:: Source material ::
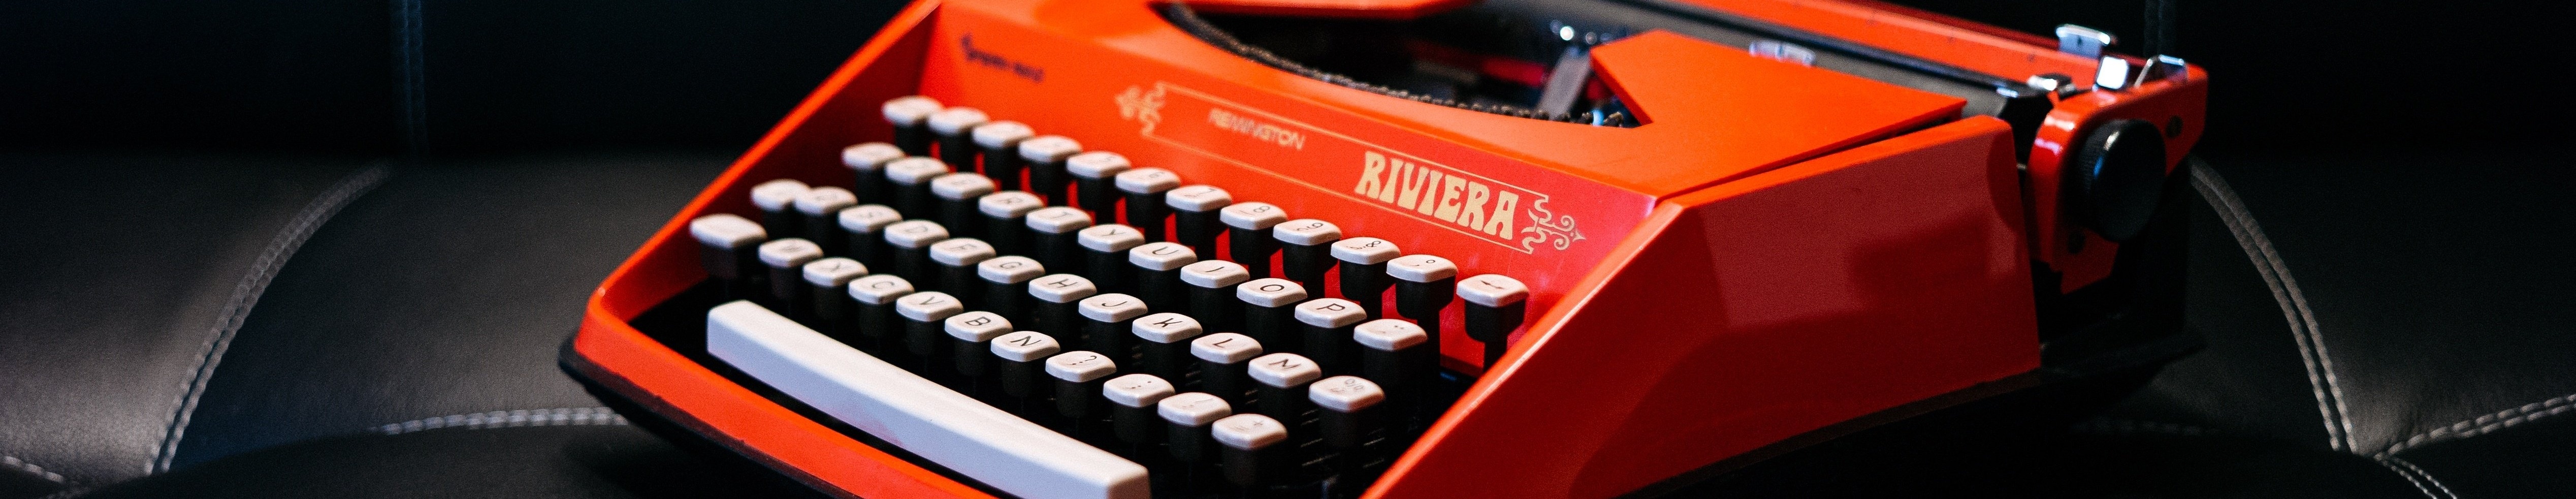 Red_Typewriter.jpg
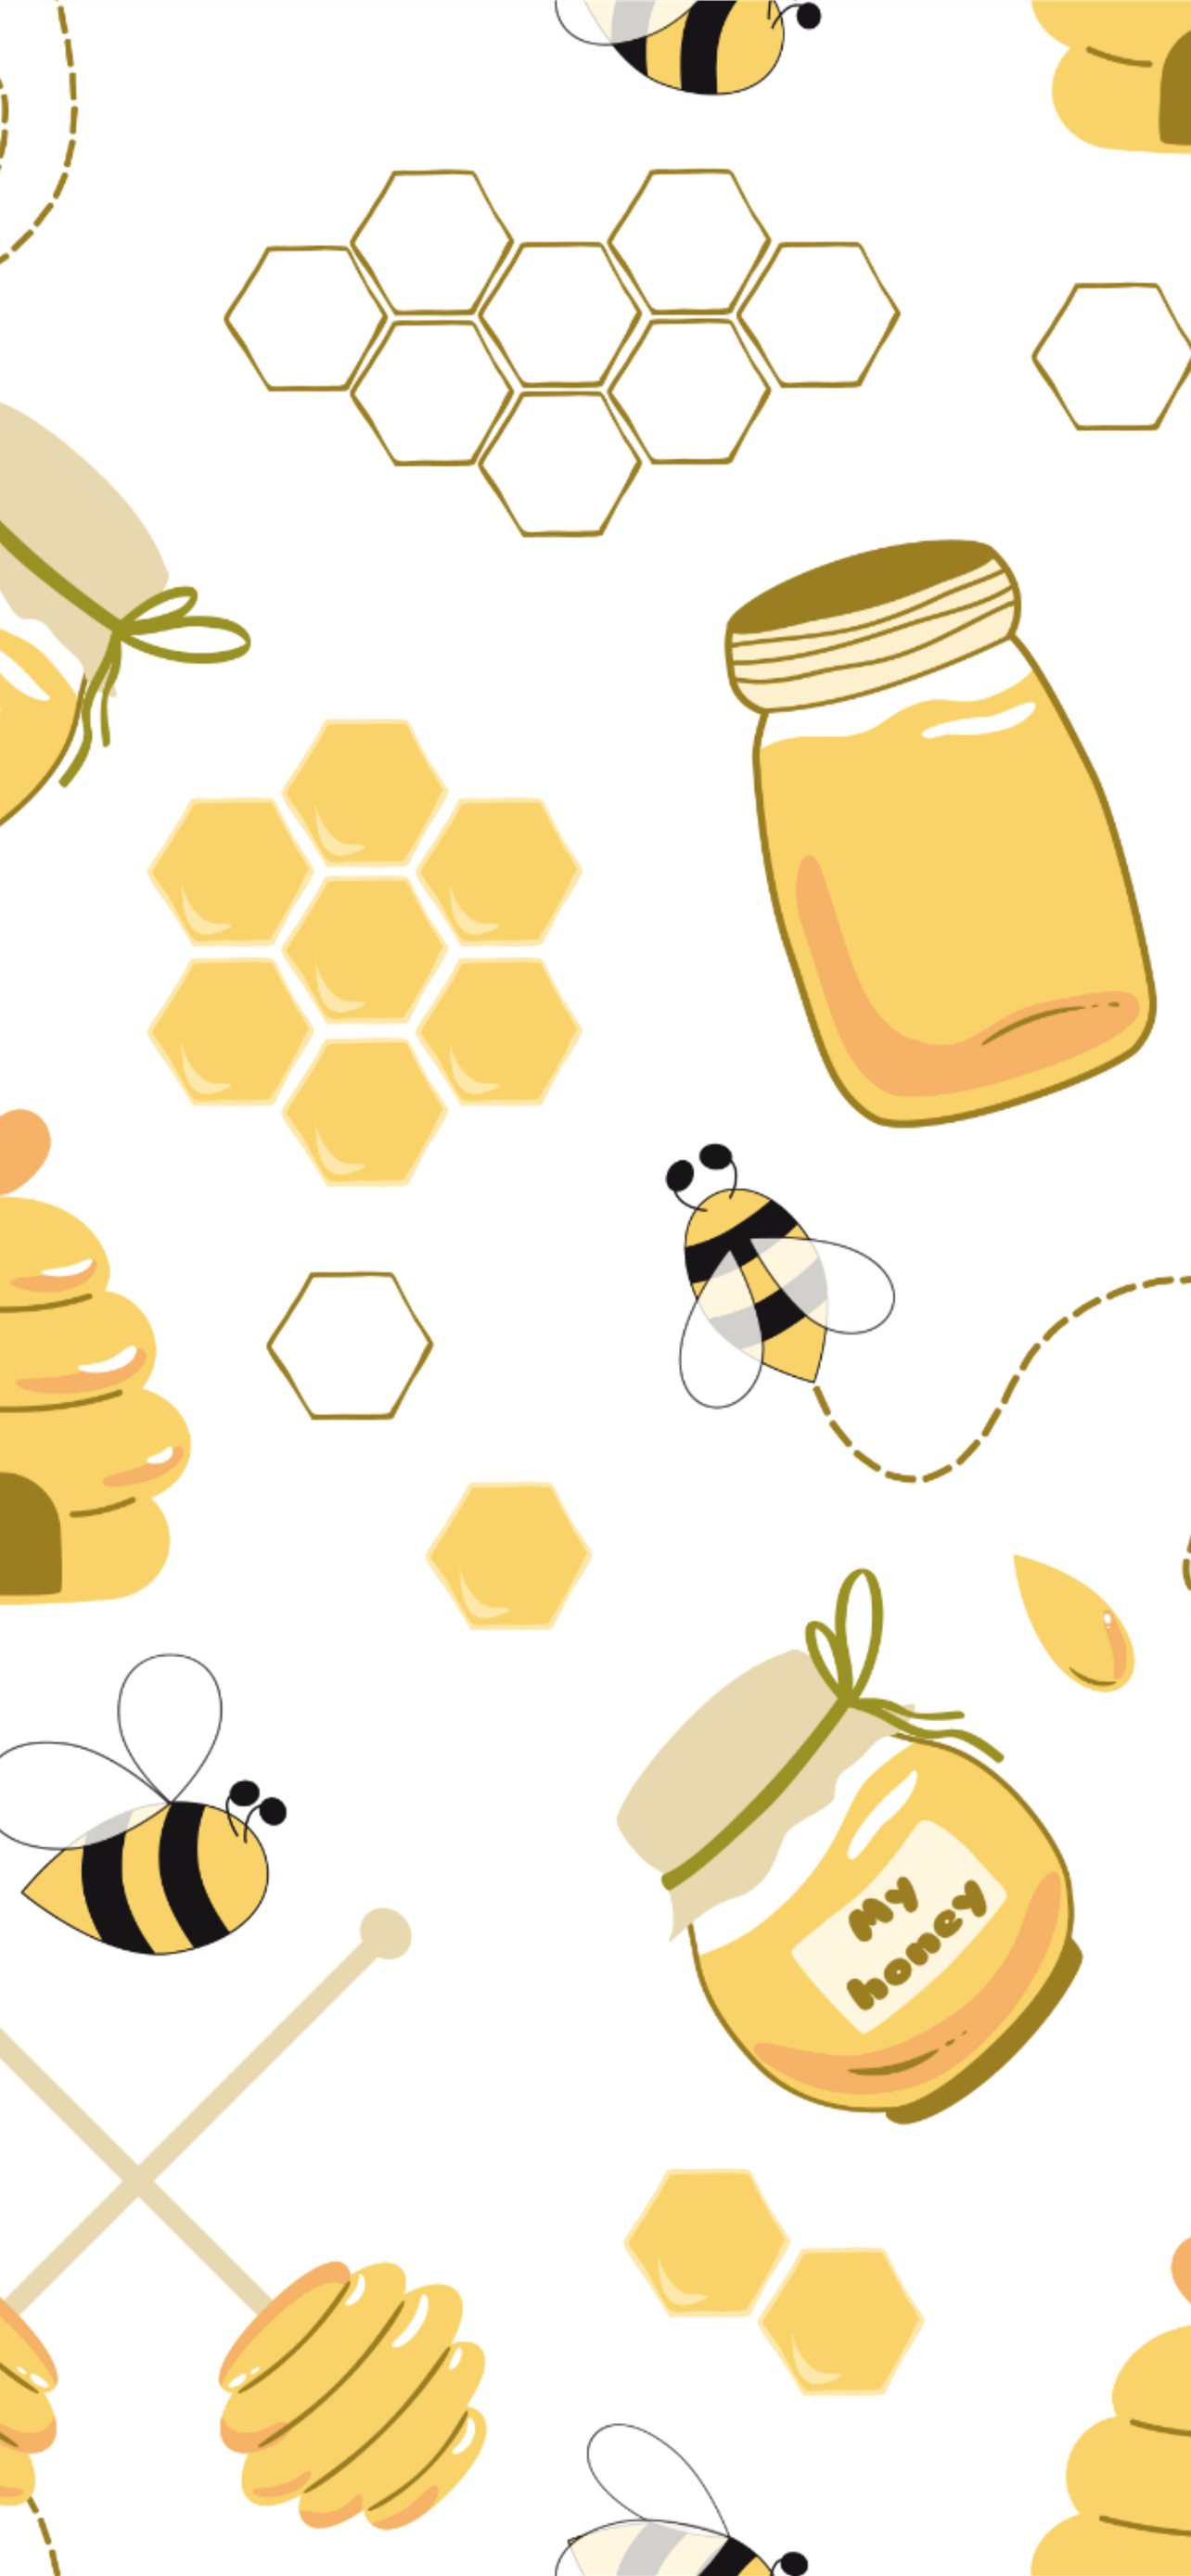 Bee Wallpapers
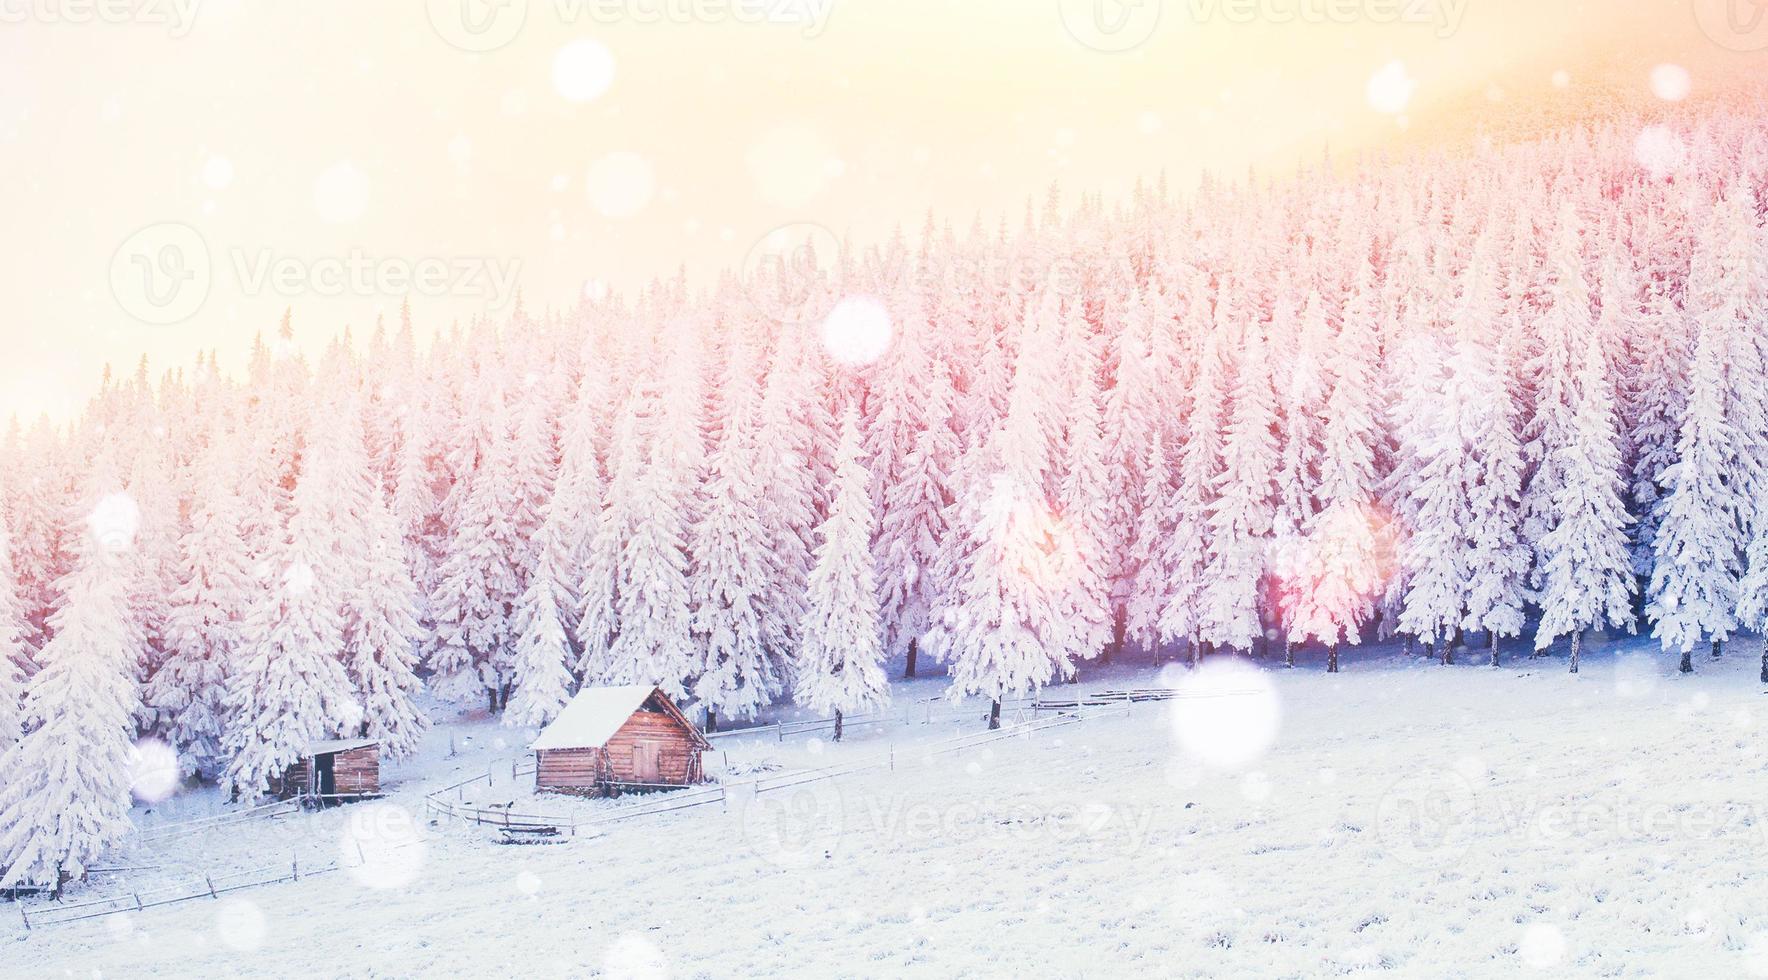 cabaña en las montañas en invierno, fondo con algo de altura suave foto
:::
* Exercise objective: This exercise asks for the data above to be given again exactly, without pictures.

* Response to this task:
 Red_Typewriter.jpg
 Bee Wallpapers
 cabaña en las montañas en invierno, fondo con algo de altura suave foto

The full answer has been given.